### [SUPPLIED MATERIAL]
★ ★ ★

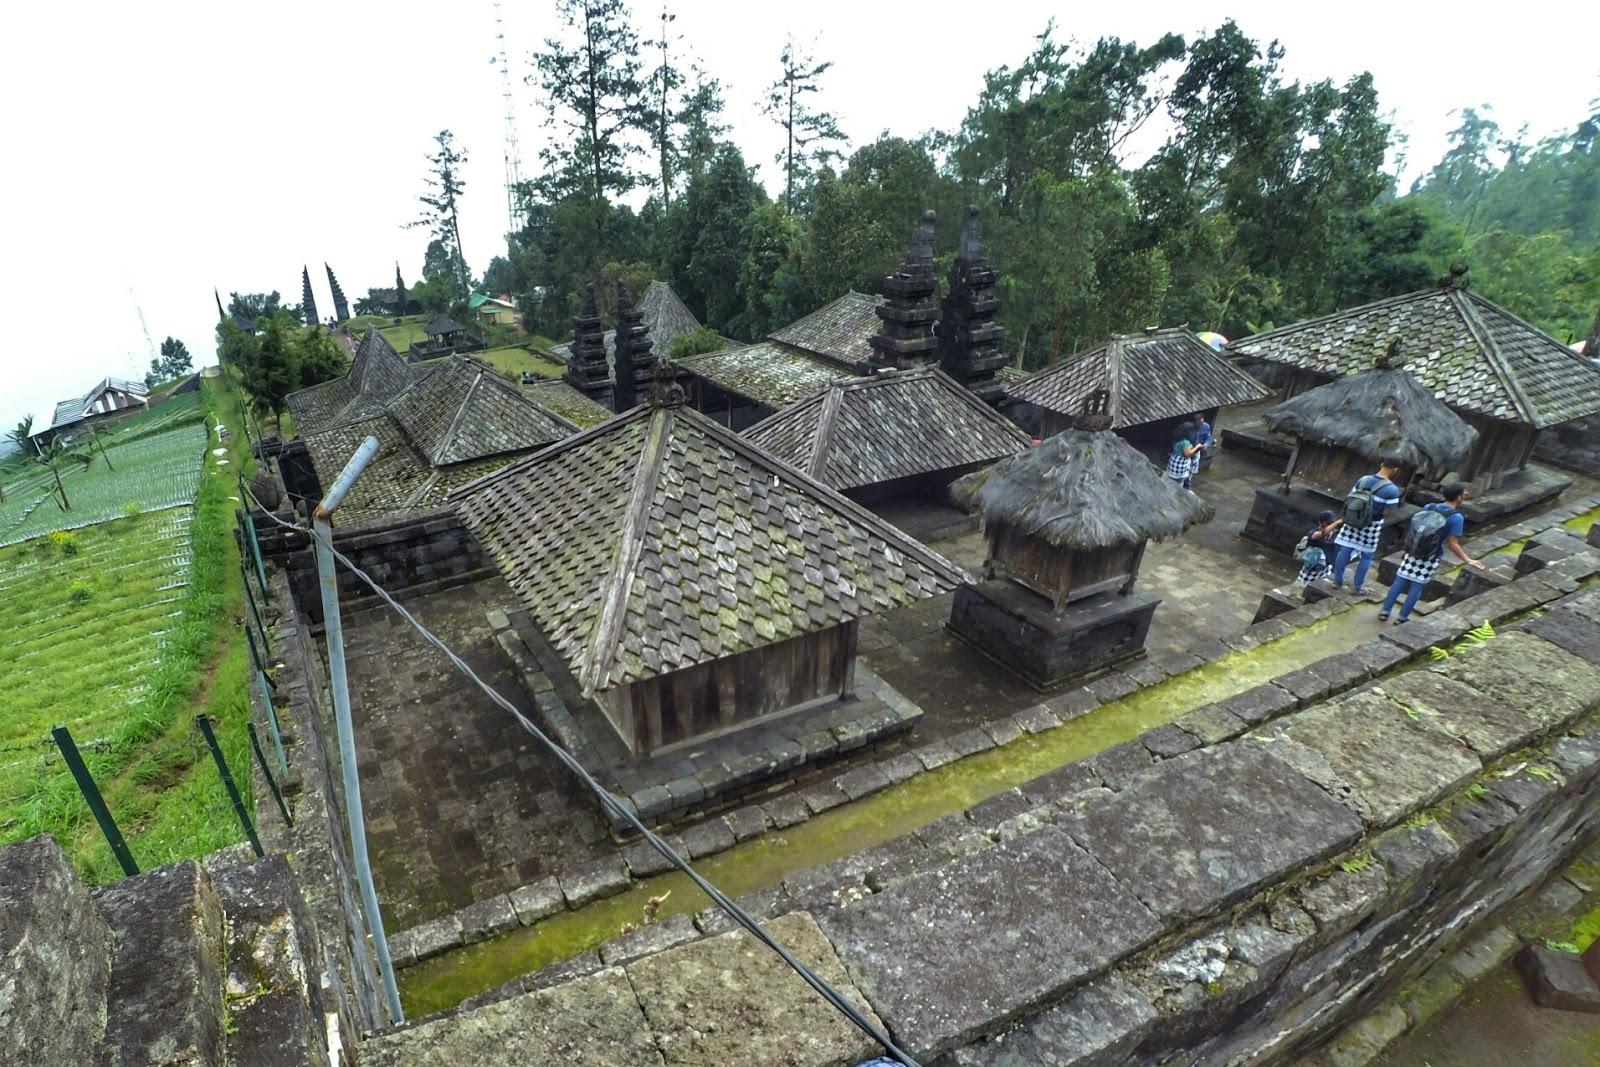 Candi Cetho Lereng Gunung Lawu Perpaduan Apik Wisata Alam Dan Sejarah Kerajaan Majapahit Zuckici Com
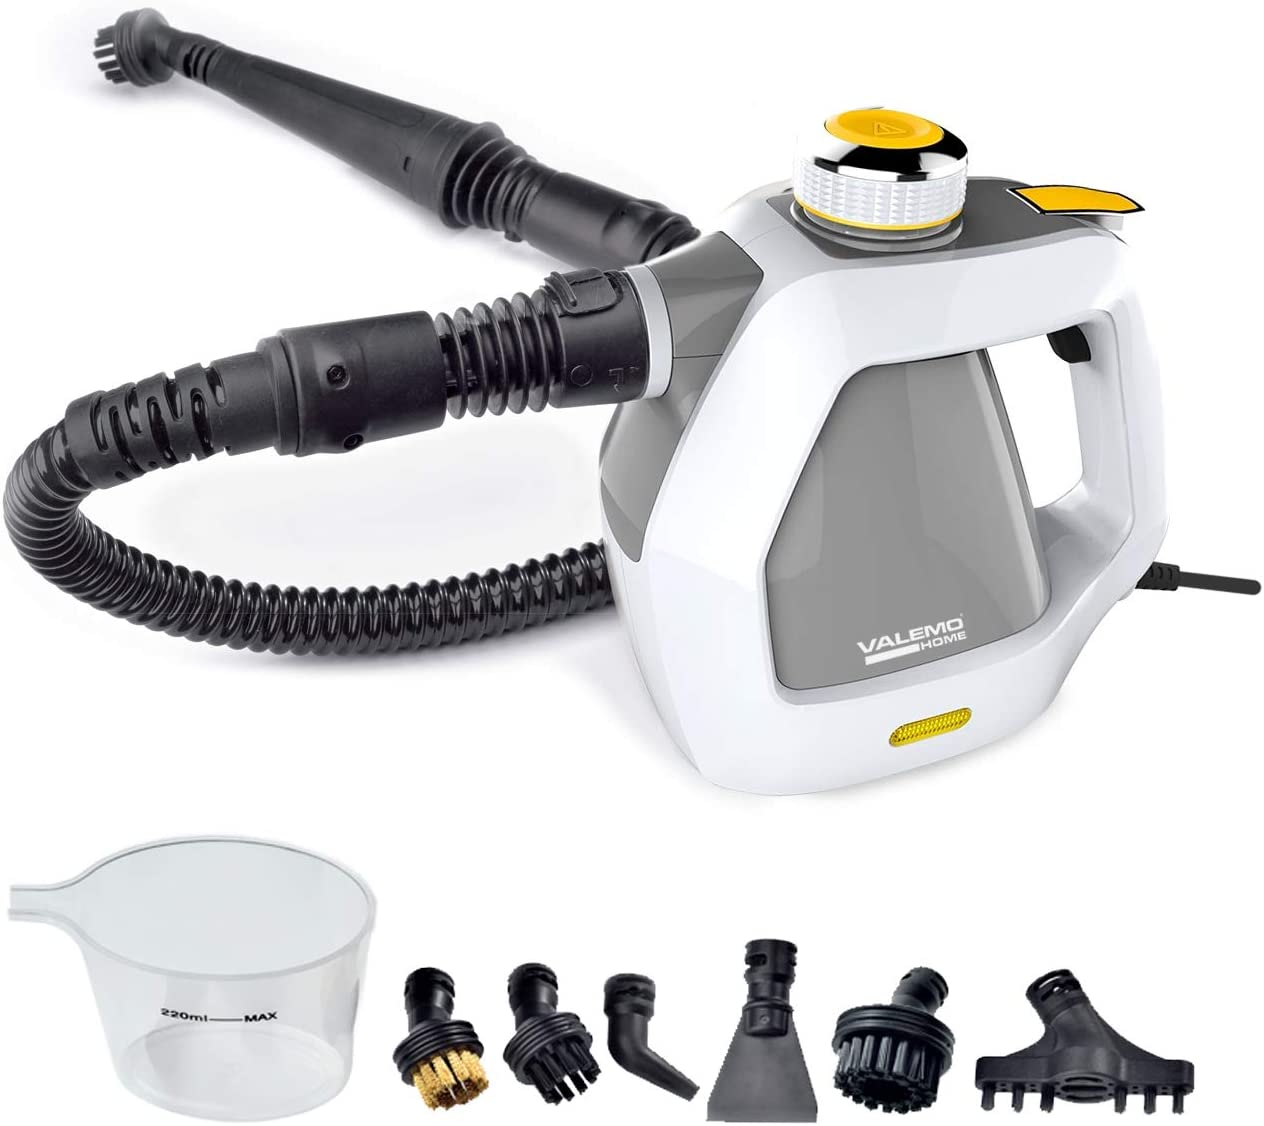 Valemo VH-ST10 Handheld Steam Cleaner and Multipurpose Steamer for Kitchens, Bathrooms and Cars, White
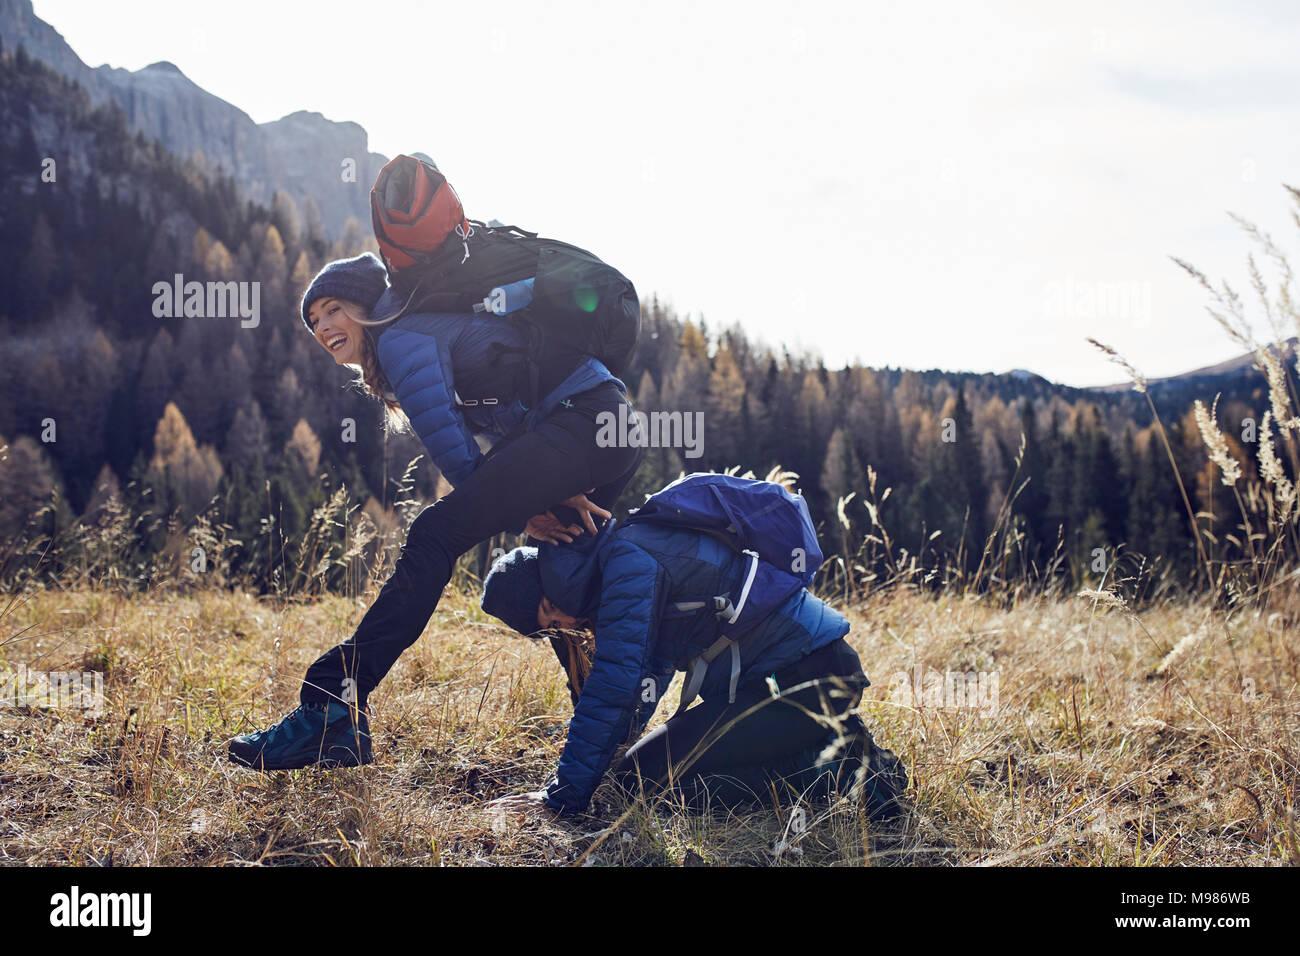 Zwei verspielte junge Frauen wandern in den Bergen Stockbild

★ ★ ★

All that is needed here is the run of lines from the one containing "Valemo VH-ST10 Handheld" through the end of the material above, reproduced exactly and without pictures.

 Valemo VH-ST10 Handheld Steam Cleaner and Multipurpose Steamer for Kitchens, Bathrooms and Cars, White
 Zwei verspielte junge Frauen wandern in den Bergen Stockbild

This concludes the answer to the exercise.